Khabar 24 Kazakh: Хабар 24
- Country: Kazakhstan
- Broadcast area: Kazakhstan Kyrgyzstan Russia
- Headquarters: Astana, Kazakhstan

Programming
- Language(s): Kazakh, Russian

Ownership
- Owner: Khabar Agency
- Sister channels: El Arna Khabar Agency Kazakh TV

History
- Launched: 1 September 2012; 12 years ago
- Former names: 24KZ (2012–2016)

Links
- Website: Official website

= 24KZ =

24-hour TV news channel in Kazakhstan

24KZ (formerly Khabar 24 and 24KZ, website still named by that) is the first 24-hour news channel in Kazakhstan opened by the initiative of ex-president Nursultan Nazarbayev. The channel mainly focuses on 24 hour news reports, but also has other programmes, such as interviews and much more. There are also sister channels owned by Khabar 24, such as Khabar, a Kazakh movie and culture channel.

==History==
Khabar 24 was opened at the initiative of Nursultan Nazarbayev in somewhere around late-June 2012. It began broadcast tests on 3 July 2012, as the Kazmedia center; it began fully airing on 1 September 2012. Khabar 24 was initially broadcast through the national network satellite and radio digital broadcasting "Otau TV". In January 2013 the channel began using translation through cable television, and in March 2014, through analog television.

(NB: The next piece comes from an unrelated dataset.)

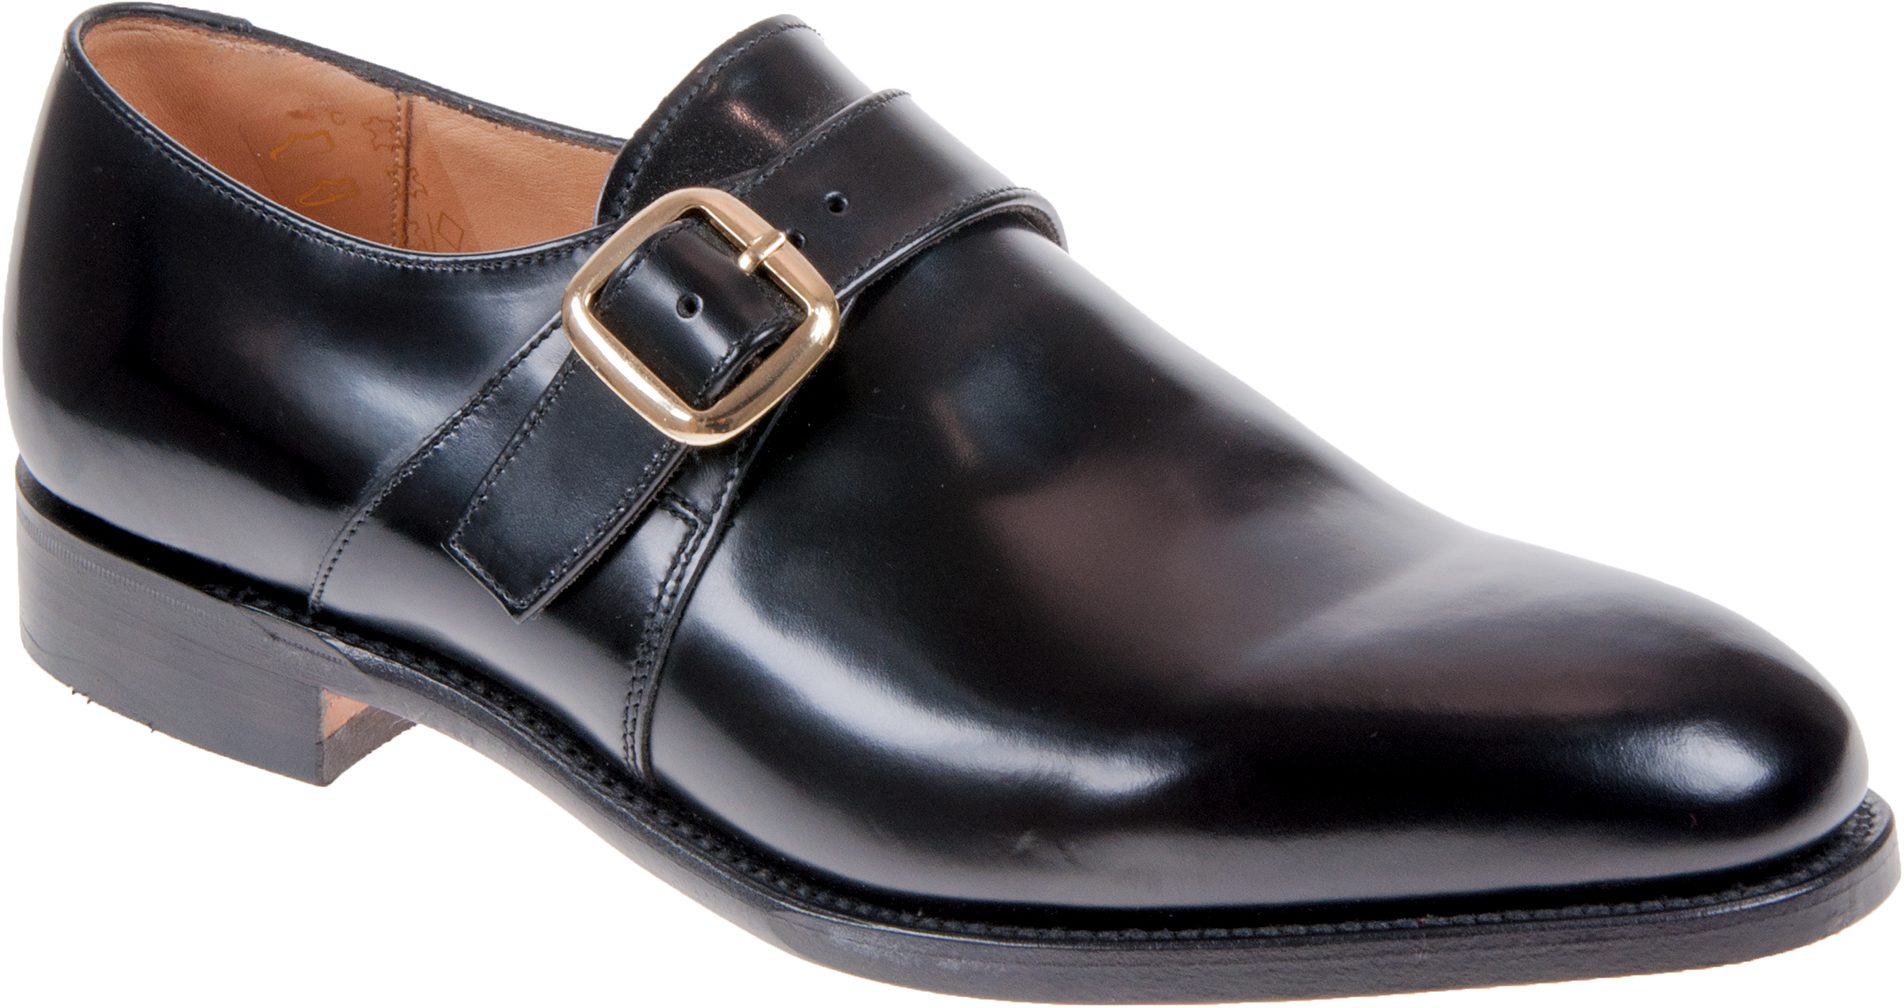 Loake Paisley Black Polished Leather - Formal Shoes - Humphries Shoes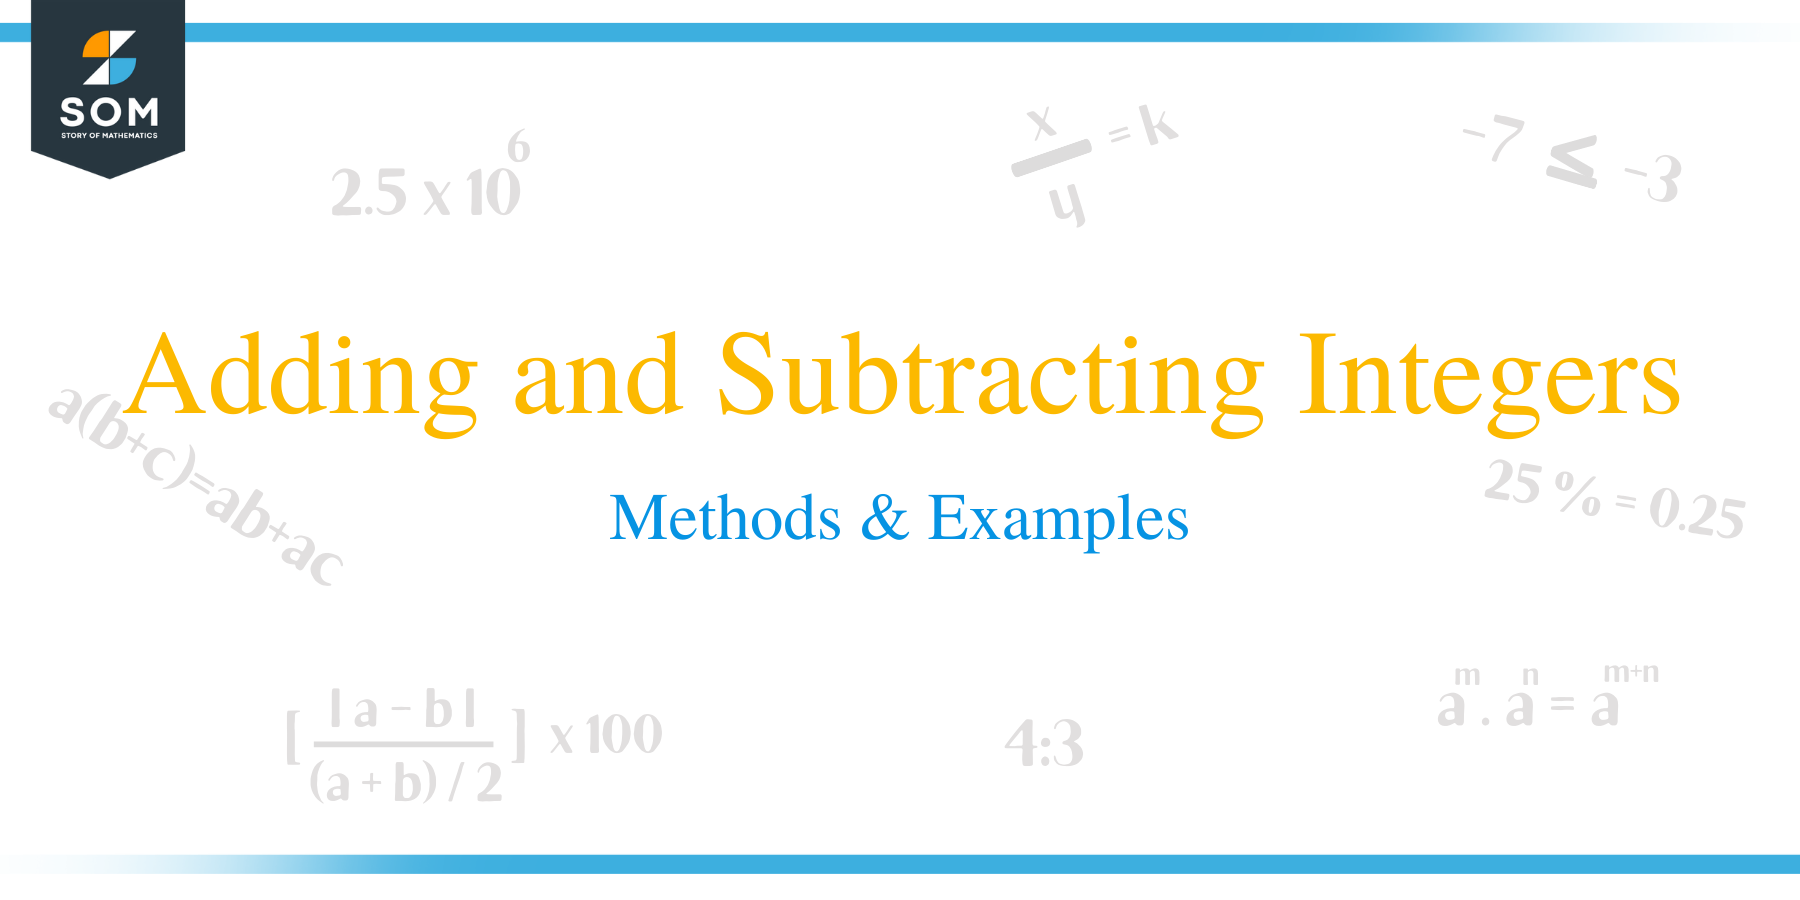 Adding and Subtracting Integers

On 11 December 2023, Khabar 24 reverted their name back to 24KZ.

==Programming==
Khabar 24's main programming is a news program broadcast every half hour, with 48 programs released every day.
Between the news, Khabar 24 broadcasts information and thematic programs. It broadcasts 54 information and thematic programs: 44 by outsourcing and 10 produced in house at the Kazmedia Center. An additional source of information is the scrolling chryon. It shows the weather, exchange rates, indicators of stock exchanges, etc.

== Owners ==
- Aksyutits Alexander Vladimirovich (2012—2015)
- Seitmamyt Arman Baltabaevich (2015—2018)
- Gorelik Olga Feliksovna (2018—2019)
- Gorbacheva Alena Valerievna (2019—2022)
- Adilova Aigul Nurkhanovna (2022)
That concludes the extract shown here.